_EXERCISE PROMPT_: Starting at the line with "Cette sculpture du genre" and stopping at the final line, retype the data below exactly; do not carry over any pictures.

_DATA IN THIS EXERCISE_:

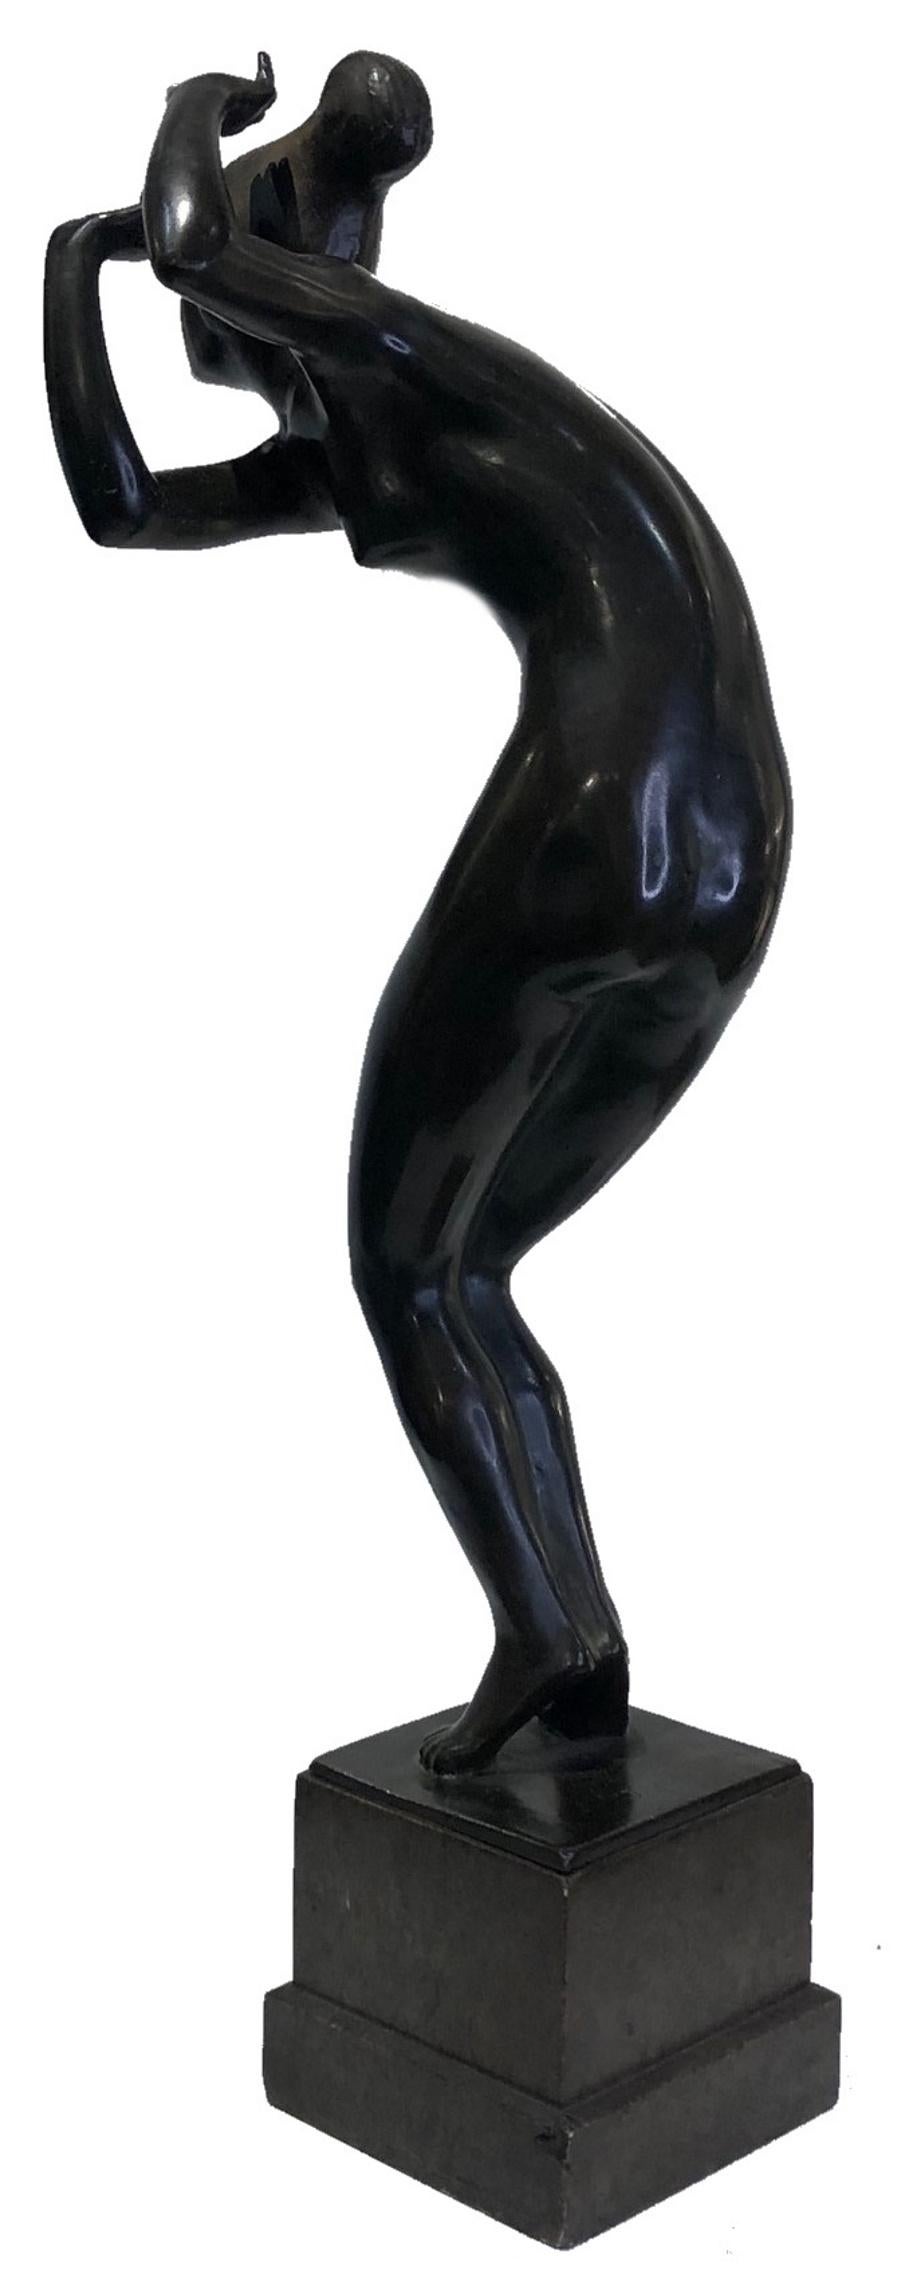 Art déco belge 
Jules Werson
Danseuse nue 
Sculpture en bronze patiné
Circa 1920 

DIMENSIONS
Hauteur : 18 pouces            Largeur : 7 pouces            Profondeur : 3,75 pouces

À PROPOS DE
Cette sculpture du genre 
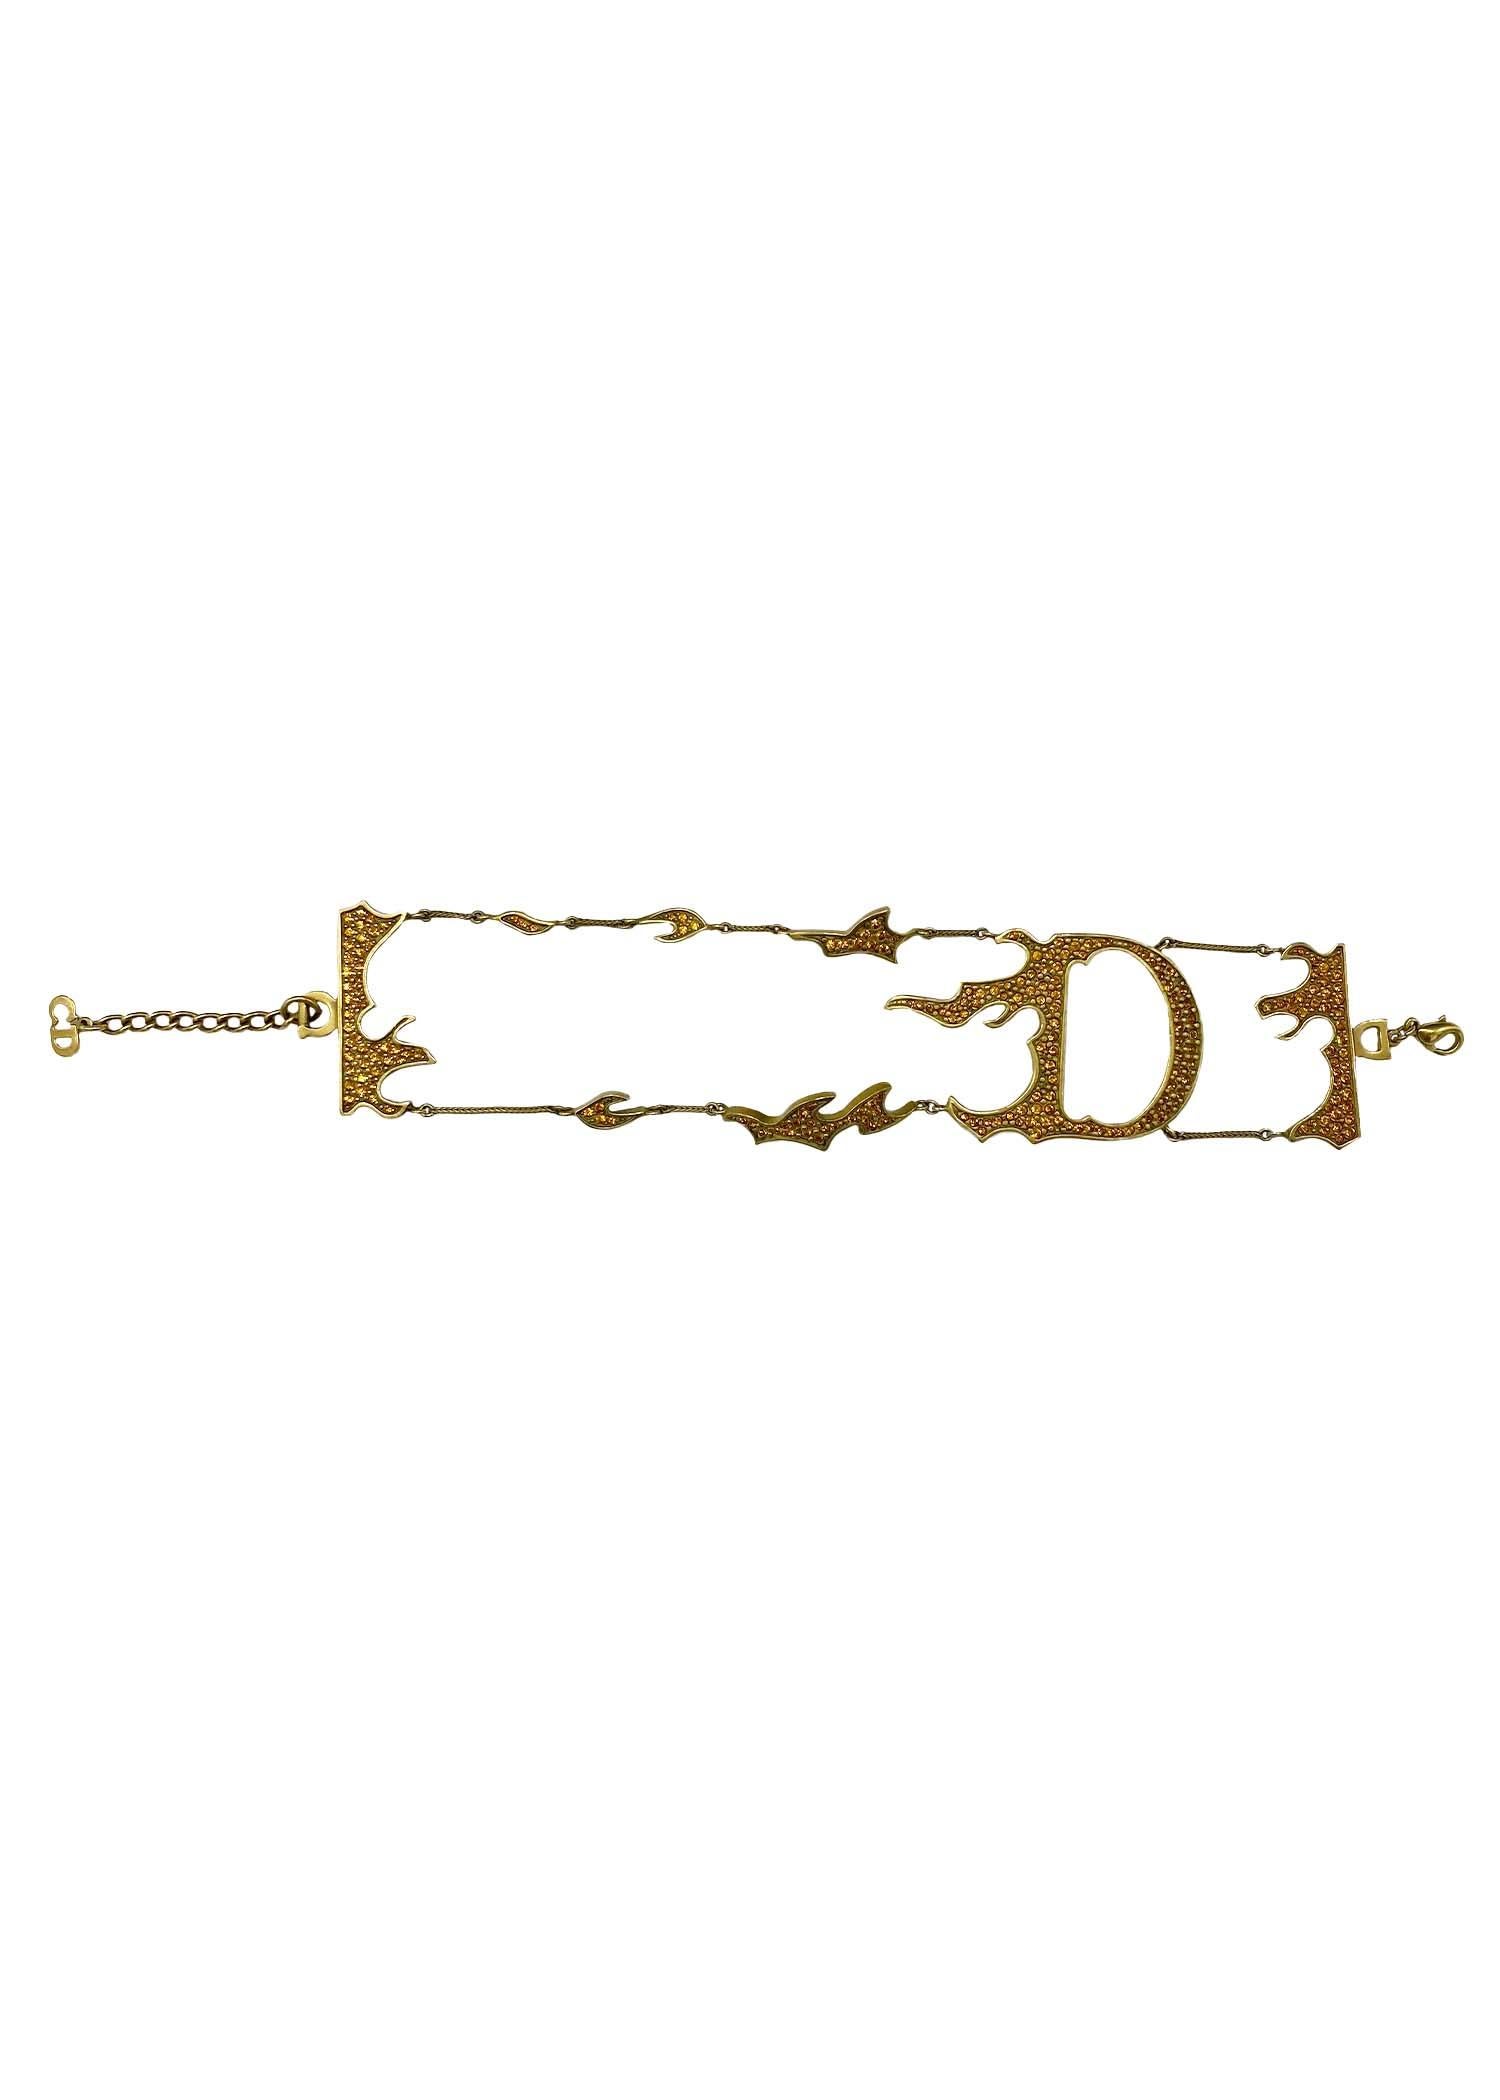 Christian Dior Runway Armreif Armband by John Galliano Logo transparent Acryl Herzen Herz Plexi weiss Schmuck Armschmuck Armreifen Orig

_RESULT_:
Cette sculpture du genre 
 Christian Dior Runway Armreif Armband by John Galliano Logo transparent Acryl Herzen Herz Plexi weiss Schmuck Armschmuck Armreifen Orig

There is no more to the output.